Suspecting the machine learning might be biased toward code in those whitelisted files, they extracted strings from an online gaming program Cylance had whitelisted and appended it to malicious files. The Cylance engine tagged the files benign and moved their scores from high negative numbers to high positive ones. The score for Mimikatz went from -799 to 998. WannaCry went from -1000 to 545. The researchers liken it to donning a mask with a beak and having a facial recognition system identify you as a bird, ignoring all other characteristics that indicate you’re just a person wearing an artificial beak.

They tested the top ten malware programs cited by the Center for Internet Security, then broadened their test to include 384 additional malicious files taken from online repositories of malware. The average score before they appended the benign strings from the whitelisted gaming program was -0.92. After adding the strings, the average score was 0.63. About 84 percent of the files bypassed detection once they added the gaming strings, though some files still got tagged malicious, but with significantly changed scores than before.


They didn’t just run the files against the static Cylance program - they executed the malicious files on a virtual machine with Cylance PROTECT running on it, to see if it would catch the malicious files in action. The theory was that even if the product was tricked by the strings, the malicious action of the file would still be detected by Cylance, but it wasn’t.

Ashkenazy said the use of whitelisting in an AI program is odd, but understands why Cylance did it, if its engine was creating false positives on those programs. The real problem, he said, was giving the whitelisted programs more weight in the algorithm’s scoring, causing them to override a decision the algorithm would normally reach if a file didn’t have the benign strings appended to it. He also said that not using backup signatures or heuristics to doublecheck the algorithm’s conclusion, and relying on the AI instead, caused the failures.

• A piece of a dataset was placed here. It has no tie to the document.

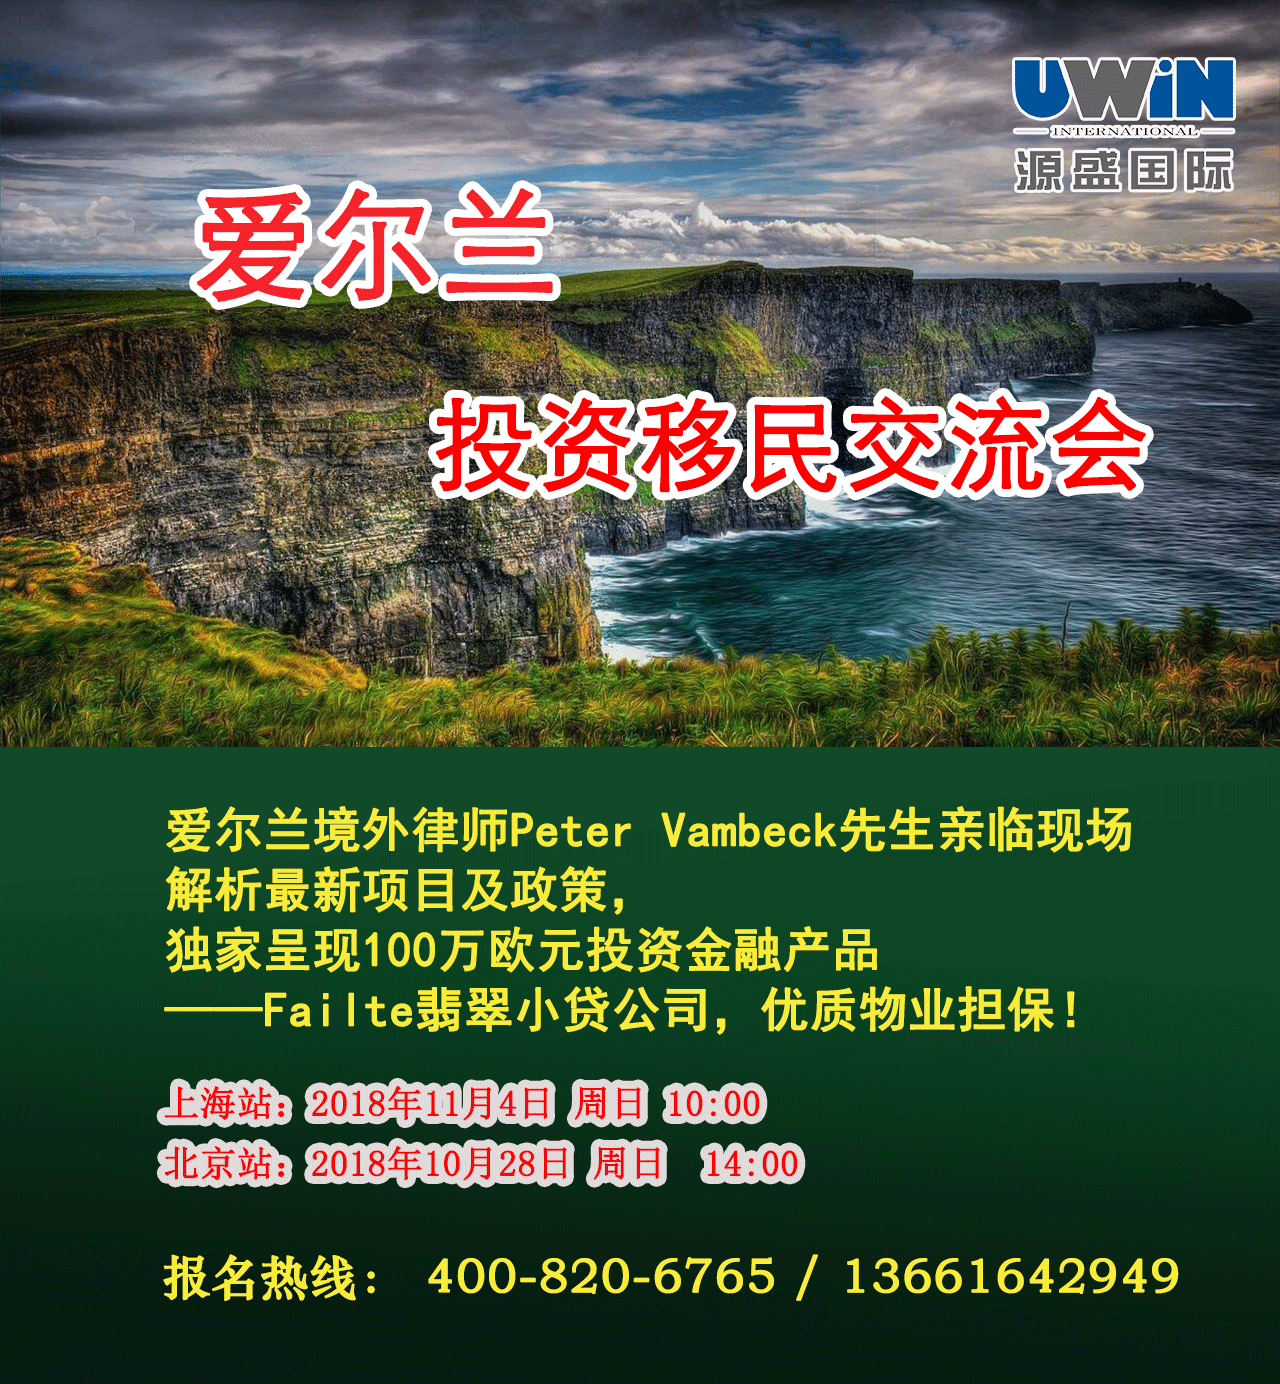 【上海】11月4日召开爱尔兰投资移民专题讲会!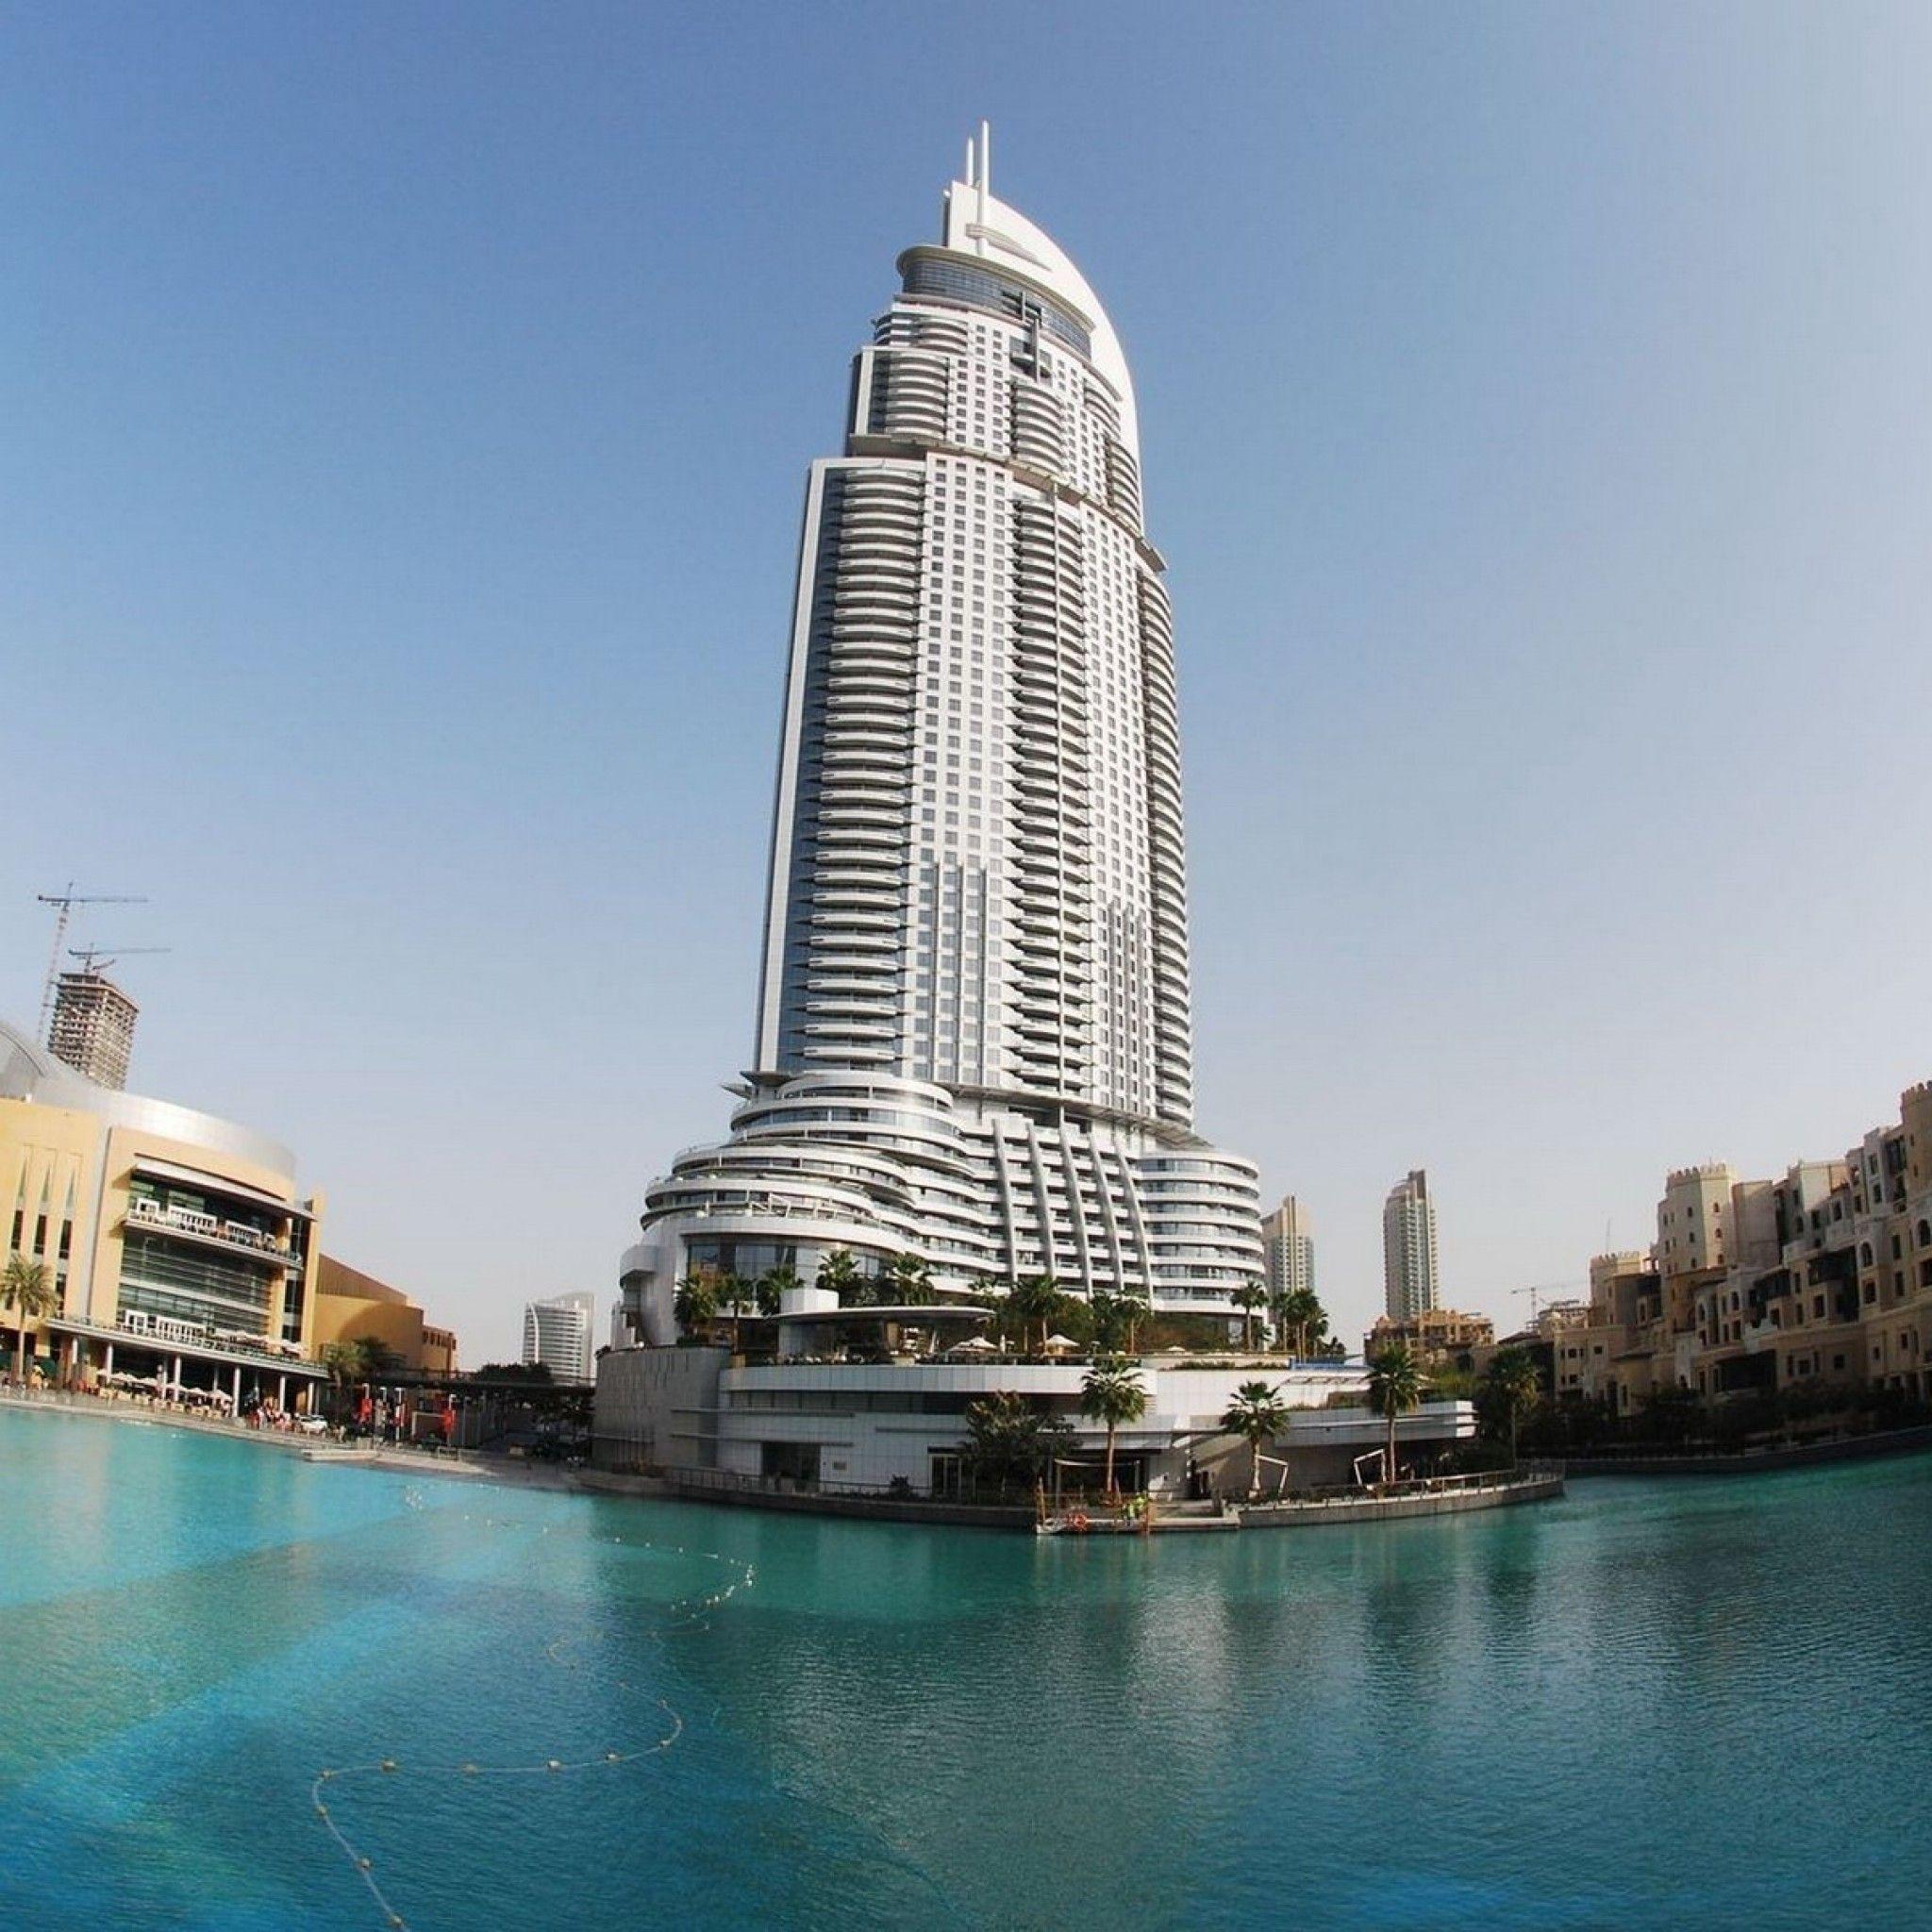 Top Wallpaper Mac Dubai - d6c53cfe104f8c958827f07c3d393d3e  Image_479484.jpg

Permeh, who is also the architect of Cylance’s machine-learning engine, said they do use signatures and hard-coded heuristics in their product as well and don’t entirely rely on the machine-learning, but the AI does take precedence in detection.

He acknowledged to Motherboard the potential for the kind of bypass the researchers found, however.

“Generally speaking, in all of these AI scenarios, models are probabilistic. When you train one, you learn what’s good and what’s bad…. By training for what is a good file, we learn attributes of that… [and] it’s entirely possible that we overestimated the goodness of that,” he told Motherboard in a phone call. "One of the interesting parts of being basically the first to take an AI-first approach, is that we’re still learning. We invest a lot in adverse research, but this is still an evolution.”


Contrary to what Ashkenazy said, Permeh doesn’t think it will take long to retrain the algorithm to fix the issue once he knows the details of the global bypass. Ashkenazy didn’t contact Cylance before contacting Motherboard to disclose the issue.

But Ashkenazy thinks the issue will take more time to fix than Permeh believes.

“The bias towards games and those features is there for a reason,” Ashkenazy said. “They were getting false positives for games, so retraining without sacrificing accuracy or false positive rate can’t be that simple.”

In the end, Ashkenzy doesn’t think Cylance is at fault for using machine learning, just for hyping it and relying on it so heavily for detection.

“I actually think they did a decent job applying current AI technology to security,” he told Motherboard. “It just has inherent flaws, like the possibility of having an exploitable bias which becomes a global bypass with a costly fix.”